What is required:
Write out every line exactly, from the first line of the records below through the line that contains "Chef'sChoice 4643 ProntoPro".

** Opening Extracted data block **

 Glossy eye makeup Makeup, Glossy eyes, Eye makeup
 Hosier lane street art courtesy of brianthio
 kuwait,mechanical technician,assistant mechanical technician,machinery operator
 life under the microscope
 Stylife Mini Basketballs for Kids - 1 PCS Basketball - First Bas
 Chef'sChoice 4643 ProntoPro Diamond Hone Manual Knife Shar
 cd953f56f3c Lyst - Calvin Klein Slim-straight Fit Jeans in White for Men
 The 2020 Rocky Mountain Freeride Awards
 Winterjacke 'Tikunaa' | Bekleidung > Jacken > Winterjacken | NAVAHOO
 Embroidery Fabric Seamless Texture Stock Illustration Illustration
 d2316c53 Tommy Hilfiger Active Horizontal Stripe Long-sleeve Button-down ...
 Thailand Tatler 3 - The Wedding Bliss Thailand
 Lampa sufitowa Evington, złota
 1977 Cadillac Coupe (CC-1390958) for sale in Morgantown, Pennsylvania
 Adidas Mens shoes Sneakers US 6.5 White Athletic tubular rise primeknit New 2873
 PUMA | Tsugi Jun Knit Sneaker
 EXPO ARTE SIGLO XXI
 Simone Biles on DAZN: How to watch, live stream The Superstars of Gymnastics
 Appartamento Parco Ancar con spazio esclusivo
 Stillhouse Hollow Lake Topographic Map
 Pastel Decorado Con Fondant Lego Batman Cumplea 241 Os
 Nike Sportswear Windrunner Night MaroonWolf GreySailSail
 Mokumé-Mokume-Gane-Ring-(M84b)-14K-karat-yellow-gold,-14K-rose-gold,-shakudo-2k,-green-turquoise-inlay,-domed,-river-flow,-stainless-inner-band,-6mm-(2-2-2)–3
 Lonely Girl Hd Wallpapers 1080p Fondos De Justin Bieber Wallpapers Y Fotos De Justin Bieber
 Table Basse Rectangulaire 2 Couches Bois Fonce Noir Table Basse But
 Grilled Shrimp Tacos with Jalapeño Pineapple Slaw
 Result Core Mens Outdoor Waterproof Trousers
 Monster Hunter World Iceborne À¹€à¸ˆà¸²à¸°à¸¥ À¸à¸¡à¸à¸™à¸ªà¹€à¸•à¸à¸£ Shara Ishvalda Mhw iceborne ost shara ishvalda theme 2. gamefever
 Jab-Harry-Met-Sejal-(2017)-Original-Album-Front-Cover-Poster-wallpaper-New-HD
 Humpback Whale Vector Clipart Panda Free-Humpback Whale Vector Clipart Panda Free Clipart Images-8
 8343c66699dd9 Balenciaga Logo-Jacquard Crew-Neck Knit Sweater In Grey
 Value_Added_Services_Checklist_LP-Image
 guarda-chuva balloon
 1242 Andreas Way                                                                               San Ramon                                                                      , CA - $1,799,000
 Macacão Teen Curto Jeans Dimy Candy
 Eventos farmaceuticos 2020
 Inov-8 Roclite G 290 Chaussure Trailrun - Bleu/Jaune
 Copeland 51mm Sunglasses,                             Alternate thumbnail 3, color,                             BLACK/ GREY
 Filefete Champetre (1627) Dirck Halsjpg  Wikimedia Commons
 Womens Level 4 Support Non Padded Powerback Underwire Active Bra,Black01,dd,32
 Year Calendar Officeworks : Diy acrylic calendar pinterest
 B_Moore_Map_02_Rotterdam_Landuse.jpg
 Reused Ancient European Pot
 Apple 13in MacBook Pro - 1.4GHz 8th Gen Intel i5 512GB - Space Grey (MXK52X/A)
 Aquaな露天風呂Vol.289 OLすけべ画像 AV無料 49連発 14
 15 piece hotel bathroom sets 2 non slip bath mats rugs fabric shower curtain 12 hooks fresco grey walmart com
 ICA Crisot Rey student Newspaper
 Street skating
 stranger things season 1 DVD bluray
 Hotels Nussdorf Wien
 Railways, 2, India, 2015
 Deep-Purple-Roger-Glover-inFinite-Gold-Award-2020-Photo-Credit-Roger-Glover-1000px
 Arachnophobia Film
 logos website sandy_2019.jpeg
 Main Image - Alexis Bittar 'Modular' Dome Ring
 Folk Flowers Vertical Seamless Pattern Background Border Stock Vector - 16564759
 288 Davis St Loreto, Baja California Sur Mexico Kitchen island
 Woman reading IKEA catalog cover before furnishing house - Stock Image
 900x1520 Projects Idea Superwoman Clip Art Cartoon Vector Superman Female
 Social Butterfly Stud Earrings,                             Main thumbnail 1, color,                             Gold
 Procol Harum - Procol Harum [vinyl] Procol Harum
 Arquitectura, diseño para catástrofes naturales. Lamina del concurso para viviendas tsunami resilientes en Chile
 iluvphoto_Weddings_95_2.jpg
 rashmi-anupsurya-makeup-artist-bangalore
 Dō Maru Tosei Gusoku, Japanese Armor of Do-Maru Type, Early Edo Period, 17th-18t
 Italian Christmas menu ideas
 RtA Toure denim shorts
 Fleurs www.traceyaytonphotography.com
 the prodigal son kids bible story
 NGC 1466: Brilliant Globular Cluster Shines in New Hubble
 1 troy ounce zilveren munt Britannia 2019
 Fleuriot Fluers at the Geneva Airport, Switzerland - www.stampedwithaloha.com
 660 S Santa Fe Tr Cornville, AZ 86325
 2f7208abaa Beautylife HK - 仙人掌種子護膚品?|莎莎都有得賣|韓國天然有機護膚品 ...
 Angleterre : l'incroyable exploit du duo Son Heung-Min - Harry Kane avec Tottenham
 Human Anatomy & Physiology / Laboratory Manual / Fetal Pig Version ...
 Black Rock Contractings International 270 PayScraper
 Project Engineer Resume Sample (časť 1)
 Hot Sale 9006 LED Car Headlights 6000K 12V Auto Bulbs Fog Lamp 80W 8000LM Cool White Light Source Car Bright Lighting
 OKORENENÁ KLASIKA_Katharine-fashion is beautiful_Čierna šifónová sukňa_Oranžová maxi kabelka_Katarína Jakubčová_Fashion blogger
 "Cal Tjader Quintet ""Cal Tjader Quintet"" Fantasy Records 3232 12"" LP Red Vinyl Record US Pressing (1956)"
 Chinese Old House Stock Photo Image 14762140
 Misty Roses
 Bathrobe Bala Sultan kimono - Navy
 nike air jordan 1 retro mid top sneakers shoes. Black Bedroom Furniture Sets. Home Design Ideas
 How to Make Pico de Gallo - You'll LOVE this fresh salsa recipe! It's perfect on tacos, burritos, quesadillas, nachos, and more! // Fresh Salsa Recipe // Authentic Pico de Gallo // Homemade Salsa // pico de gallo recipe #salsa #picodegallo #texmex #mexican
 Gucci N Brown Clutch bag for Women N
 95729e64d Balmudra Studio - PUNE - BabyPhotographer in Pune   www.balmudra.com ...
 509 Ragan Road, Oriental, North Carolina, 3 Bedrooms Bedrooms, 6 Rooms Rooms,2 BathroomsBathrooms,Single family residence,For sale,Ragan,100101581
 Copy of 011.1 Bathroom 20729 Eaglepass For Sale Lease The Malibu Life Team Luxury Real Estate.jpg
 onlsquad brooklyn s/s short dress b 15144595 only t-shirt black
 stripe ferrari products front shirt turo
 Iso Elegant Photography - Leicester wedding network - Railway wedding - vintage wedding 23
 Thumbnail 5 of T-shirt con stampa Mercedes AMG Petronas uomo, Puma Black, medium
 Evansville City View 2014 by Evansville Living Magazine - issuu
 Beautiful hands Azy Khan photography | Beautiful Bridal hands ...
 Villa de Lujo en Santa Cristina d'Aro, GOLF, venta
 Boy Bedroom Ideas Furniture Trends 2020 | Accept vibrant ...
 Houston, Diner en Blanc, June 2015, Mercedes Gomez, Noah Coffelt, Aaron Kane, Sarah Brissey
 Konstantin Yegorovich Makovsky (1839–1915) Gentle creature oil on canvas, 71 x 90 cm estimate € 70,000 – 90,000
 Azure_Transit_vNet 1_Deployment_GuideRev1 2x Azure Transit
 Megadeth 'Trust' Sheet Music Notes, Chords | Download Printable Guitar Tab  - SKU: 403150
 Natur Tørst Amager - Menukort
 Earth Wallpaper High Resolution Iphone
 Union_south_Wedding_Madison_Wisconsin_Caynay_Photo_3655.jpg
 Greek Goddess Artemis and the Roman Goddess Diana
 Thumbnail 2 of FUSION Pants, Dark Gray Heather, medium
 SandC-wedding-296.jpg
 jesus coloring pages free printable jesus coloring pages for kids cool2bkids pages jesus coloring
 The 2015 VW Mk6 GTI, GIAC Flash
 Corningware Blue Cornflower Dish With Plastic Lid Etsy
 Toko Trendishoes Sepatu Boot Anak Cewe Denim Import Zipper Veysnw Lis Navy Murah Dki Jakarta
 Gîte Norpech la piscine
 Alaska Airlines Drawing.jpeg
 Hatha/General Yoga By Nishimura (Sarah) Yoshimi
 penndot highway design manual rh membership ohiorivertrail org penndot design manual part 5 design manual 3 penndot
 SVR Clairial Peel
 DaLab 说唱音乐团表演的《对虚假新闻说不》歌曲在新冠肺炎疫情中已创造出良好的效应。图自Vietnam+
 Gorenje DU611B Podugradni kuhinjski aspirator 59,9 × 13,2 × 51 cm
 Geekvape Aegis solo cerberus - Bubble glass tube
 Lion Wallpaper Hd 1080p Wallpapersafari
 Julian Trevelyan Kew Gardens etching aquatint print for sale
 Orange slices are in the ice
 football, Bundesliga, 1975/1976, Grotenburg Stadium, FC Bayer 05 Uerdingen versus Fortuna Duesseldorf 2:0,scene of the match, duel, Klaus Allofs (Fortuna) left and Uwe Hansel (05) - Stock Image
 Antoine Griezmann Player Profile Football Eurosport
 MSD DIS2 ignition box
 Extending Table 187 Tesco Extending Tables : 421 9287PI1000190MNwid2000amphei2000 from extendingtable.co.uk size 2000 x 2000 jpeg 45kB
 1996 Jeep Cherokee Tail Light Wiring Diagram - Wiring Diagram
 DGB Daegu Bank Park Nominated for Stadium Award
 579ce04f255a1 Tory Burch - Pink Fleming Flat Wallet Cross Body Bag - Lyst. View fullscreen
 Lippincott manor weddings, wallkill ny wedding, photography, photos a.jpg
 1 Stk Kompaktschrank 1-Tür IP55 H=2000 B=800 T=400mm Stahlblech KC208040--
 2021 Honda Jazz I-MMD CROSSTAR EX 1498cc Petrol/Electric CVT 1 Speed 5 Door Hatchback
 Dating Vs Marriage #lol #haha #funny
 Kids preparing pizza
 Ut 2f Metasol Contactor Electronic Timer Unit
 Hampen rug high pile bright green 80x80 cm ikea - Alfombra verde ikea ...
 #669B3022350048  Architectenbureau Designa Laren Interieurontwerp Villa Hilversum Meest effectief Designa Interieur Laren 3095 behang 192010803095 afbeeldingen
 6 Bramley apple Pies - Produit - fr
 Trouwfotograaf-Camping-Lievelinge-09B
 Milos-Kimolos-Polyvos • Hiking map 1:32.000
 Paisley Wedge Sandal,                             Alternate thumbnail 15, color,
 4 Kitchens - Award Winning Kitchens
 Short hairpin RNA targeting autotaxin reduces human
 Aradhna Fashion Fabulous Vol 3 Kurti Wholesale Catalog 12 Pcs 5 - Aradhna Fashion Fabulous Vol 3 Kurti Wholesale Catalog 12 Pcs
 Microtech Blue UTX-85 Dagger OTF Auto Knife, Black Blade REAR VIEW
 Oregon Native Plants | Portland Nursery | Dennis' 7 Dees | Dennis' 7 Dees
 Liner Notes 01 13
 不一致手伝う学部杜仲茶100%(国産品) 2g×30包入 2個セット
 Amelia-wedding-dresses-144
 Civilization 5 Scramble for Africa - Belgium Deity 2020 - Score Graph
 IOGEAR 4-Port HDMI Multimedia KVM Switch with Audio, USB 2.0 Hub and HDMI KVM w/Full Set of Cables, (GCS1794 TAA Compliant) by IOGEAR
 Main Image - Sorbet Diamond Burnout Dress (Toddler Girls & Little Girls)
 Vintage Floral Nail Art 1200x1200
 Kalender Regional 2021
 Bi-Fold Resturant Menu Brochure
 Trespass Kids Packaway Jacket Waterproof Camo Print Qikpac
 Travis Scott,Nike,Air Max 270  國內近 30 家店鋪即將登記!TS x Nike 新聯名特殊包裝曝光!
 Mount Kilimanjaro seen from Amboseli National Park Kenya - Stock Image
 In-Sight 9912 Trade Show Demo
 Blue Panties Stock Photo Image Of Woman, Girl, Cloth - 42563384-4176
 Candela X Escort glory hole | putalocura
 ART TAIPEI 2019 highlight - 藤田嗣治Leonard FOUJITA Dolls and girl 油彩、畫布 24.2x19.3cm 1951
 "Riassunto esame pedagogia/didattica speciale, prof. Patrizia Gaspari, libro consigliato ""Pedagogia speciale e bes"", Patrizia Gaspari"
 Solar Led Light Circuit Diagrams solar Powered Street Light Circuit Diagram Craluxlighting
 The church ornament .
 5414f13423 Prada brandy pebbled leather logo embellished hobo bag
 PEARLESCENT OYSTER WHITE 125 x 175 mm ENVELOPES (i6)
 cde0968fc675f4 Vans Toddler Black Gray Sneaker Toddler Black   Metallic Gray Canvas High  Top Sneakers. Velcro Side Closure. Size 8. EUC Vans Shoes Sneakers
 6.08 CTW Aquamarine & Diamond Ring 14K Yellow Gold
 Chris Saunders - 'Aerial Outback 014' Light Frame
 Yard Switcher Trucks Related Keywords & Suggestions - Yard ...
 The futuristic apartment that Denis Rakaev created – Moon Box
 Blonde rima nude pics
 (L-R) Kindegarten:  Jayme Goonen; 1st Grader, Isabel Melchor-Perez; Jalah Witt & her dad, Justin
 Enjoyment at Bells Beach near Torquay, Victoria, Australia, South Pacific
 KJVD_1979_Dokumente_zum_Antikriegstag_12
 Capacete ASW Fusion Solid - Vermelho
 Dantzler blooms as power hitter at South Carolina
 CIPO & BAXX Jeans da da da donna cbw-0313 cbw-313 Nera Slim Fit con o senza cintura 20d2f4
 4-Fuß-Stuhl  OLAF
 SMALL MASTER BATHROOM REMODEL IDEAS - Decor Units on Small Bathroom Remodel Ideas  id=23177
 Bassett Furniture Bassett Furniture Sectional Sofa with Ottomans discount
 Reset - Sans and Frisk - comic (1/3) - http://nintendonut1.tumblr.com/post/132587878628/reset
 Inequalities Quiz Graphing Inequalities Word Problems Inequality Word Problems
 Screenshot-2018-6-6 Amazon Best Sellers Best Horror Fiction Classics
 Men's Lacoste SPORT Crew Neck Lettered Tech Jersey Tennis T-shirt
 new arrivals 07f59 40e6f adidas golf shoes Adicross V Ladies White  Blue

** Closing Extracted data block **

Your response:
 Glossy eye makeup Makeup, Glossy eyes, Eye makeup
 Hosier lane street art courtesy of brianthio
 kuwait,mechanical technician,assistant mechanical technician,machinery operator
 life under the microscope
 Stylife Mini Basketballs for Kids - 1 PCS Basketball - First Bas
 Chef'sChoice 4643 ProntoPro Diamond Hone Manual Knife Shar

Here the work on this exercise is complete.